Duurzaam is lang met je spullen doen

Juli 2017 – Ben ik voor: lang met je spullen doen. Mijn ouders en hun generatiegenoten zijn mijn voorbeelden. Geboren in de oorlog en opgegroeid in de schrale jaren ’50 is duurzaamheid voor hen vanzelfsprekend. Weggooien doe je pas als het echt op is. De Grote Groei en De Overbodige Overdaad van de decennia later knabbelen aan die houding. Waarom nieuw kopen als oud nog prima kan? Iets is maar heel even nieuw.

Een leven lang vraag ik me af waarom ‘nieuw’ ook ‘beter’ zou zijn? Voor mij gaat dat zeker niet altijd op.
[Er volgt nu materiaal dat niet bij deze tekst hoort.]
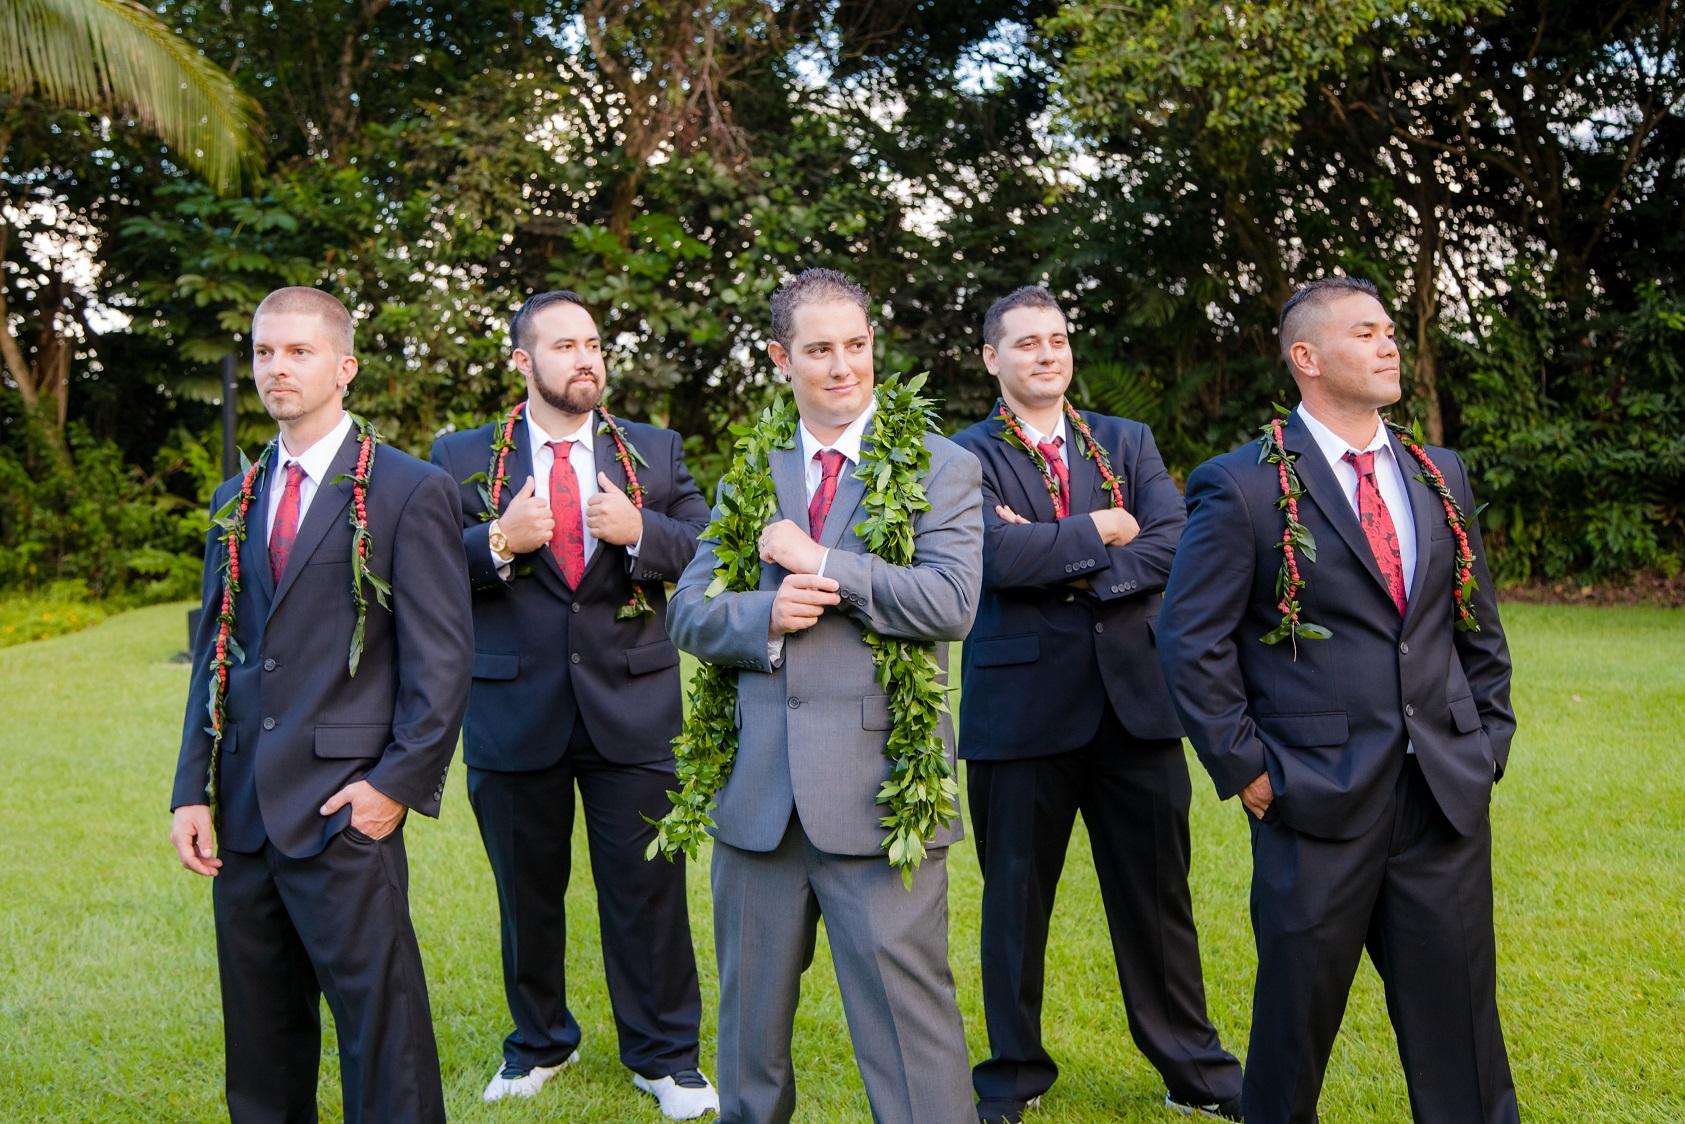 groomsmen oahu destination wedding photography
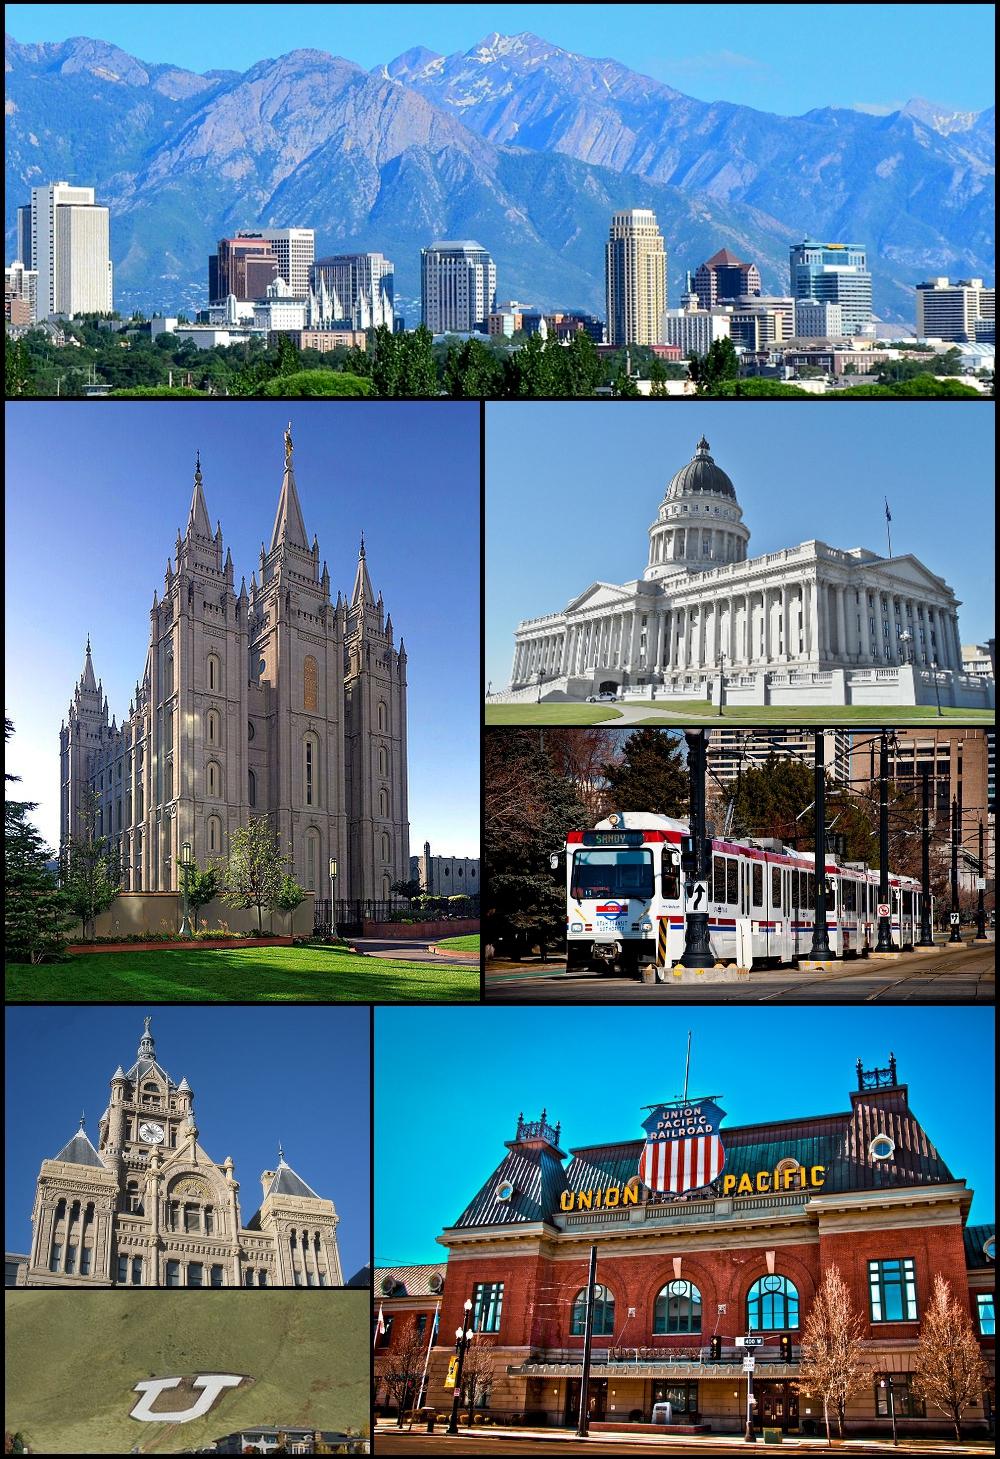 Salt Lake City montage 19 July 2011

Meestal niet zelfs. Ik – bouwjaar 1967 – groeide niet op in een consumentenparadijs. Van de materialistische en kapitalistische weelde van nu was geen sprake.

Ik schets mijn jeugd in de jaren ’70: vaders heeft een baan voor het leven bij de overheid, jonge gezinnen kopen als ze kunnen een huis in een VINEX-wijk of blijven toch maar in hun huurflatje, ik draag spijkerbroeken van een oudere neef omdat ze nog niet versleten zijn en ik rijd een onverwoestbare Gazelle fiets die pas na ruim 20 jaar trouwe dienst de geest geeft (Het exemplaar dat mijn vader in 1981 koopt, staat nu in mijn berging voor een maandelijkse rit naar de bakker). De enkeling die zich een auto kan veroorloven, koopt nieuw en ruilt om de vier jaar in. Dat dan weer wel. Iets kopen is een weloverwogen beslissing en nog niet gedreven door impuls of hebzucht. Het idee…

De wereld van mijn jeugd ziet er heel anders uit dan de wereld van de jeugd van nu. We deden lang met onze spulletjes. We, als in zo goed als iedereen. Die zuinigheid sierde een generatie en minstens de generatie die volgde. Ik dacht toen en denk nu: iets is maar even nieuw. En koester dat.

Natuurlijk baalde ik van die gebruikte broeken. Wrangler Jeans met wijde pijpen waren in 1981 best wel ‘uit’ en zwart-wit televisie kijken kon toen eigenlijk niet meer. Toch houden mijn ouders de teevee aan omdat hij maar niet stuk ging. En zo ging het met meer spul. Ik studeerde aan een houten bureau dat tot 1980 diende als TU-meubilair. Mijn vader droeg shirts die ik kende van Bert Haanstra films. Het eerste gasfornuis van mijn ouders werkt nog steeds.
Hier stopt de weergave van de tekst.